Пути его… Париж, Неаполь, Киев,
Тревожная верховненская ночь.
С самим собой боролся он впервые,
Себя в борьбе не в силах превозмочь…
Он пил химер влекущую отраву,
Теряя дней связующую нить…
Он обо всем умел писать, но, право,
Он этого не смог бы сочинить.
Молчит Париж. Течет спокойно Сена.
Кого спросить о правде, о судьбе?
Он по ночам читает Лафонтена,
А днем Гюго влечет его к себе.
На удивленье королям и пэрам
Он мир хотел пером завоевать,
Чтобы его блистательным примером
Малютку сына окрыляла мать,
Пред ним чтоб становились на колени
И под ноги бросали бы цветы…
И стало это странное стремленье
Злым вестником падения мечты.
Он все собрал, все переплавил в слово.
Консьержки, палачи, ростовщики
Теснились на бумаге, чтобы снова
Страдать и жить, вставая со строки,—
И вот теперь пред ним одни руины.
День — позади, лишь темень впереди,
Он одинок в просторах Украины.
Вокруг снега, и лучшего не жди.
Он выпьет бром, боль сердца уврачует,
Посмотрит в запотевшее окно,—
Там Ева с управителем толкует
О крепостных, о ценах на зерно.
Слова Гобсека зло звучат над ухом:
«Всегда держись назначенной цены».
А в голове иное… Здесь, по слухам,
Бывает аист вестником весны…
Замкнулся круг! Из этого дурмана
Не вырваться! Надломлено крыло.
Противно все: мечтать, писать романы.
Так он свое встречает Ватерлоо.
Как воин, он падет на поле боя,
Свой меч не выпуская из руки,
И подойдут к могиле все герои —
Поэты, журналисты, бедняки,
И скажут так:
«Теперь тужить не время,
Преграды нет вращению земли,
И завтра солнце встанет надо всеми
И в океаны выйдут корабли,
И будет век людьми не даром прожит
В чередованье светлых снов и слез.
Как жаль, что он запечатлеть не сможет,
Как старый мир сметет и уничтожит
Грядущих лет гигант-каменотес!»
Глава первая. КОРЧМА «ЗОЛОТОЙ ПЕТУХ»
Да, это была осень! Столетние липы пылали в холодном огне. Янтарная даль колыхалась за ними, и бесконечный простор голой степи струился маревом перед утомленным взором одинокого путника. Он поражал своим однообразием и в то же время наполнял истосковавшееся сердце надеждой, зажигая в нем ясный огонек веры в грядущее.
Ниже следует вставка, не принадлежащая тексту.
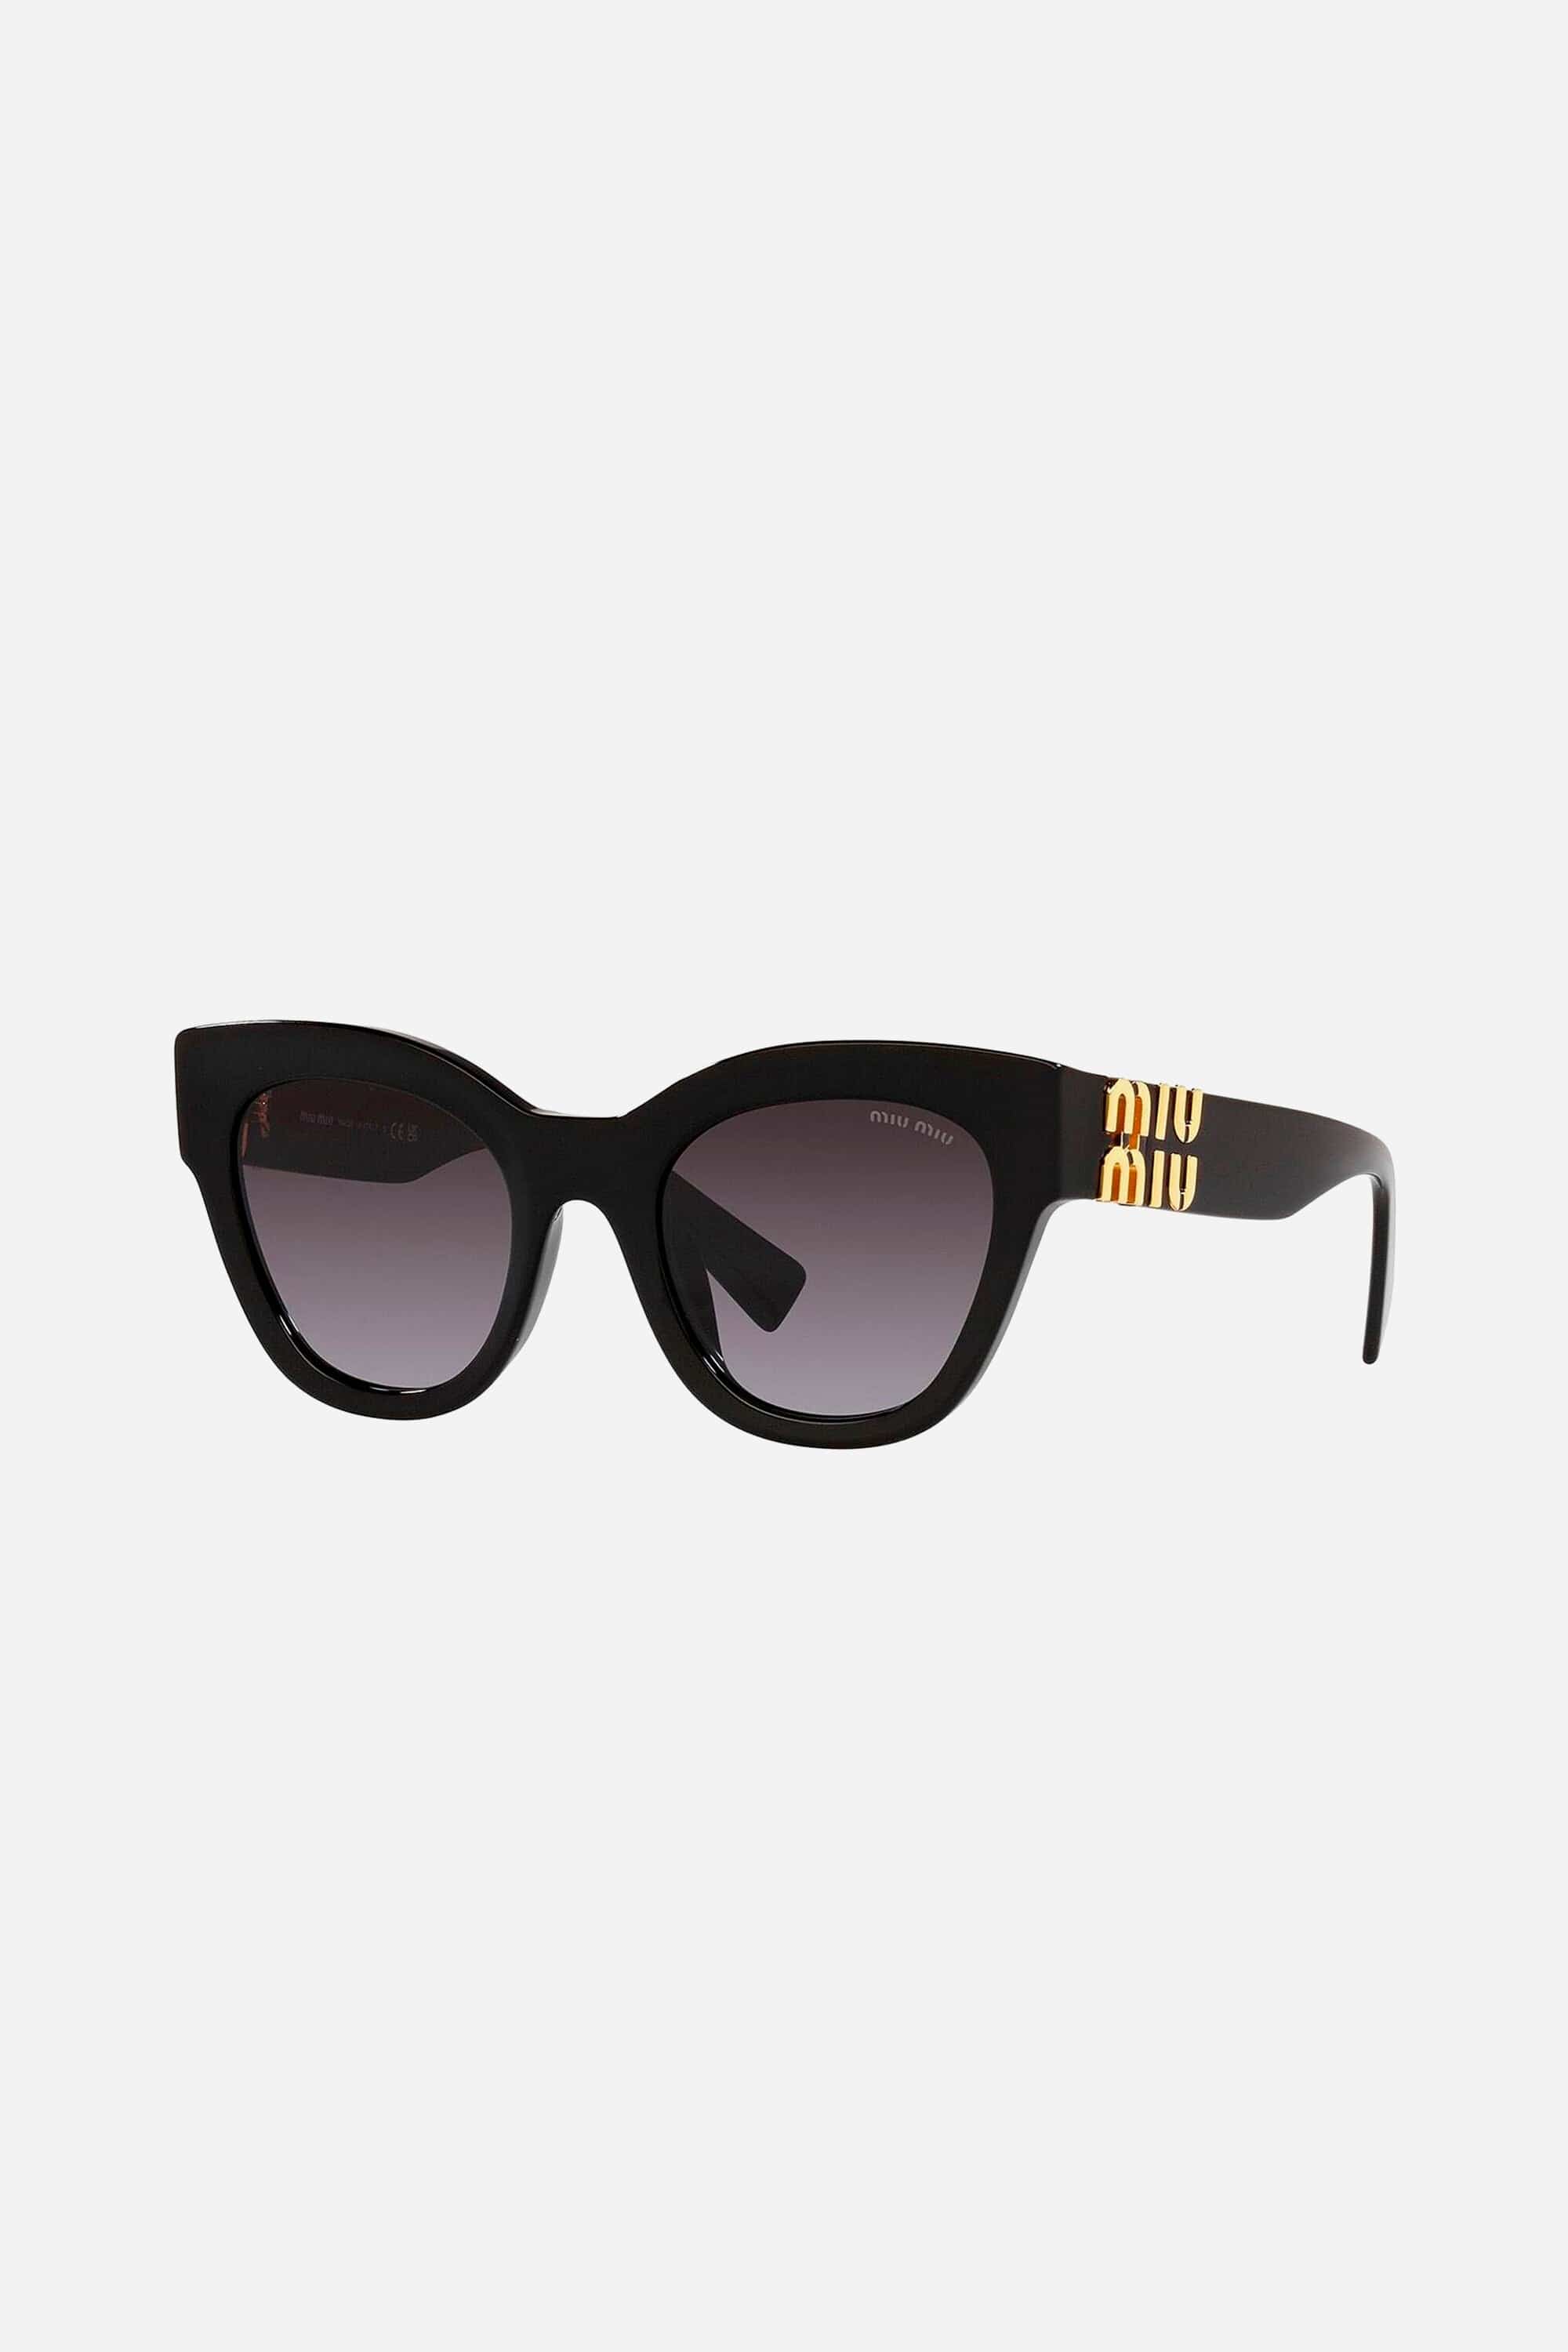 Miu Miu cat-eye black sunglasses - Eyewear Club
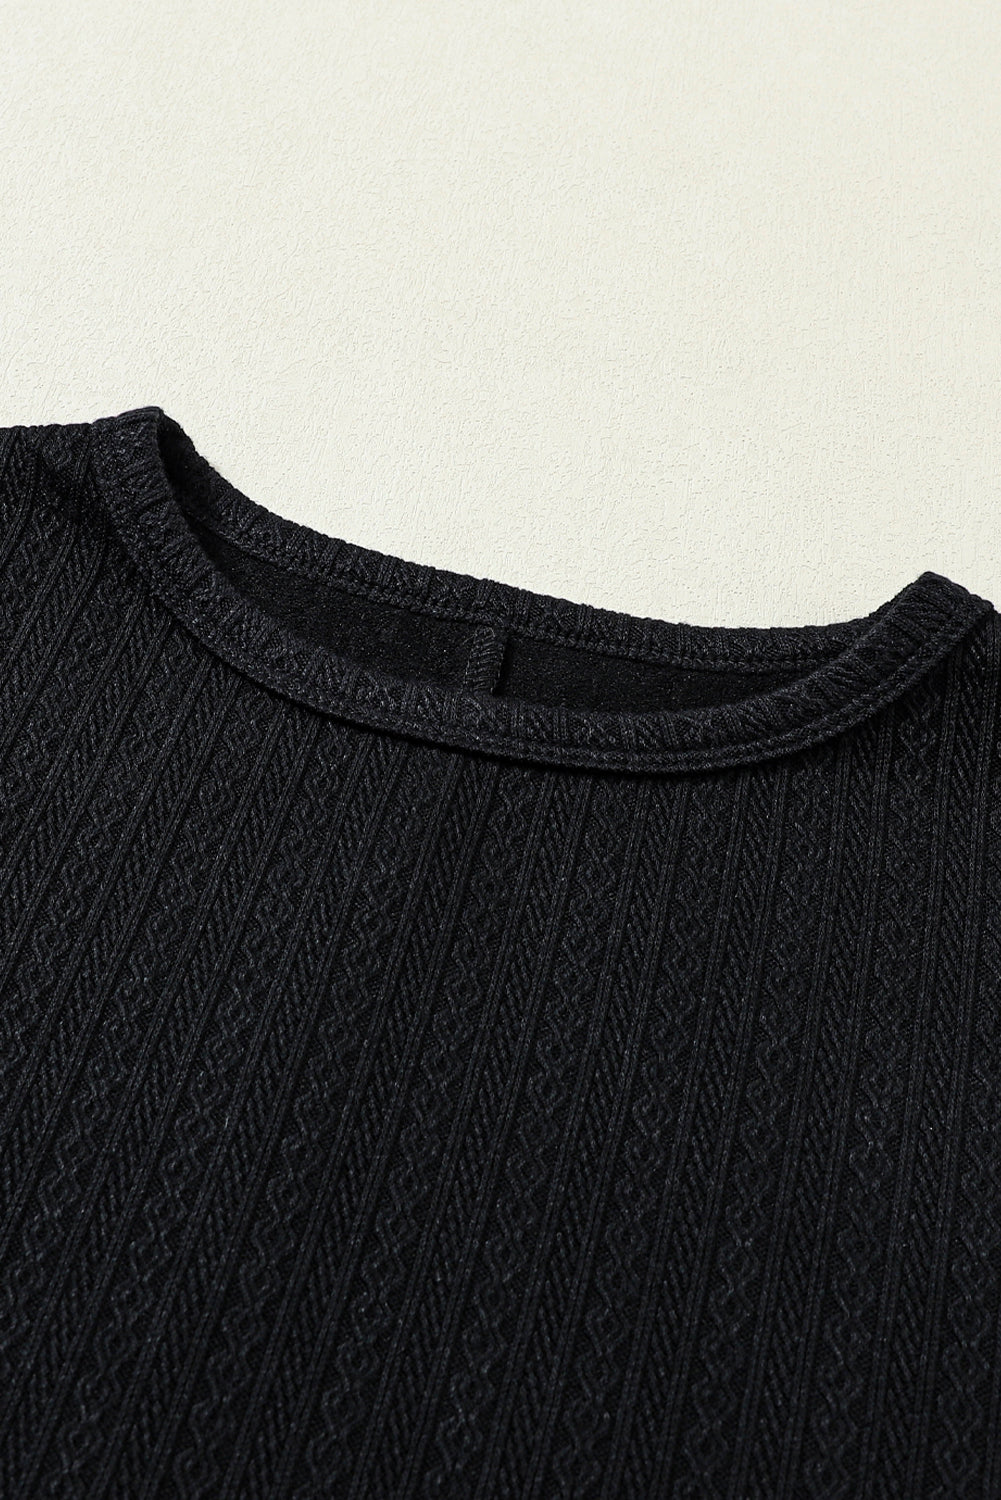 Haut noir à manches longues bouffantes en jacquard imitation tricot

Обсаженный липами укатанный тракт пересекал степь с юга на восток, от горизонта к горизонту, с одинаковым равнодушием принимая на тело свое, истоптанное колесами и копытами, исхоженное ногами людей, дожди, снега, суховеи, метели. Бывало, что целые дни тракт лежал безмолвный. Лишь широкие кроны лип покачивались над ним, поигрывал порой ветер-низовец да катился вдоль пути червленый осенний листок. Но чаще на тракте шуршали колеса пышных помещичьих карет, позванивали почтовые дилижансы, однообразно скрипели крестьянские возы, слышался топот норовистых коней, гам голосов, а то и печальная песня бесприютного странника. При дороге, которую с давних времен люди прозвали гетманским трактом, на утеху осенним ветрам стояла покосившаяся под гонтовой кровлей неказистая корчма с пестрой, потрепанной непогодами вывеской. На вывеске красными буквами, давно поблекшими от дождей, солнца и снега, было написано: «Золотой петух». Верно для того, чтоб ни у кого не было сомнений в этом названии, безвестный живописец увековечил на ней золотыми немеркнущими красками петуха; распустив большие крылья, воинственно наклонив увенчанную красным гребешком голову, петух будто вызывал на поединок невидимого соперника.
Искусная рука живописца придала единственному глазу петуха такую выразительность, что немало посетителей корчмы, уходя, долго еще ощущали на спине укоризненный, колючий петушиный взгляд, следивший за выкрутасами их непослушных ног, хотя они сами склонны были обвинять не ноги, не сверх меры выпитую водку, а зыбкую землю, которой невесть отчего вздумалось колебаться и выскользать из-под натруженных людских ног… Яснопольский дьячок Дионисий, правда, выпив перед этим куманец медку, клялся, что собственными ушами слышал, как в ночь под Новый год петух трижды прокукарекал.